- [WHAT THE EXERCISE ASKS] Could you retype, exactly as written, every line from the top of the records through the line that contains "التحالف العربي يعترض"?

(Beginning of SUPPLIED DATA)

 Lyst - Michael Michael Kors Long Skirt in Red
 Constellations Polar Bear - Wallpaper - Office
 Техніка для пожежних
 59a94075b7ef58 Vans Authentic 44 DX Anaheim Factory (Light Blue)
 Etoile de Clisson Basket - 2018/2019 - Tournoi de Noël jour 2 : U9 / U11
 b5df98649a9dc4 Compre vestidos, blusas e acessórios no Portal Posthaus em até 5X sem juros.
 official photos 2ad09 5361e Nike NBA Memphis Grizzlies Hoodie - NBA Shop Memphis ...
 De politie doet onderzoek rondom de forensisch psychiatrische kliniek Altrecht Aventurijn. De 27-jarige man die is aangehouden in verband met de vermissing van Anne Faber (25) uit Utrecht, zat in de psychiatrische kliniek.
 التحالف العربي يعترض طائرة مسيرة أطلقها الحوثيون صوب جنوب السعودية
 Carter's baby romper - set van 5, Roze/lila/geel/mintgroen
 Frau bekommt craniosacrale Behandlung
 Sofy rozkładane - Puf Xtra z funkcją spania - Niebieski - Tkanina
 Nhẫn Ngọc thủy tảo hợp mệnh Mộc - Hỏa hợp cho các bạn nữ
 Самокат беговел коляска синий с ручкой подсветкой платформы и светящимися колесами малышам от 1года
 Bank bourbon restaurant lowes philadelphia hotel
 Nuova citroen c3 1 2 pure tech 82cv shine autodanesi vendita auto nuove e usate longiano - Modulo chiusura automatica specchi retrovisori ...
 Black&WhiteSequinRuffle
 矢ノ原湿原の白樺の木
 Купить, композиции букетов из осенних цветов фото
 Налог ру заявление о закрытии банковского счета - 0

(End of SUPPLIED DATA)

- [RESPONSE TO THIS TASK]
 Lyst - Michael Michael Kors Long Skirt in Red
 Constellations Polar Bear - Wallpaper - Office
 Техніка для пожежних
 59a94075b7ef58 Vans Authentic 44 DX Anaheim Factory (Light Blue)
 Etoile de Clisson Basket - 2018/2019 - Tournoi de Noël jour 2 : U9 / U11
 b5df98649a9dc4 Compre vestidos, blusas e acessórios no Portal Posthaus em até 5X sem juros.
 official photos 2ad09 5361e Nike NBA Memphis Grizzlies Hoodie - NBA Shop Memphis ...
 De politie doet onderzoek rondom de forensisch psychiatrische kliniek Altrecht Aventurijn. De 27-jarige man die is aangehouden in verband met de vermissing van Anne Faber (25) uit Utrecht, zat in de psychiatrische kliniek.
 التحالف العربي يعترض طائرة مسيرة أطلقها الحوثيون صوب جنوب السعودية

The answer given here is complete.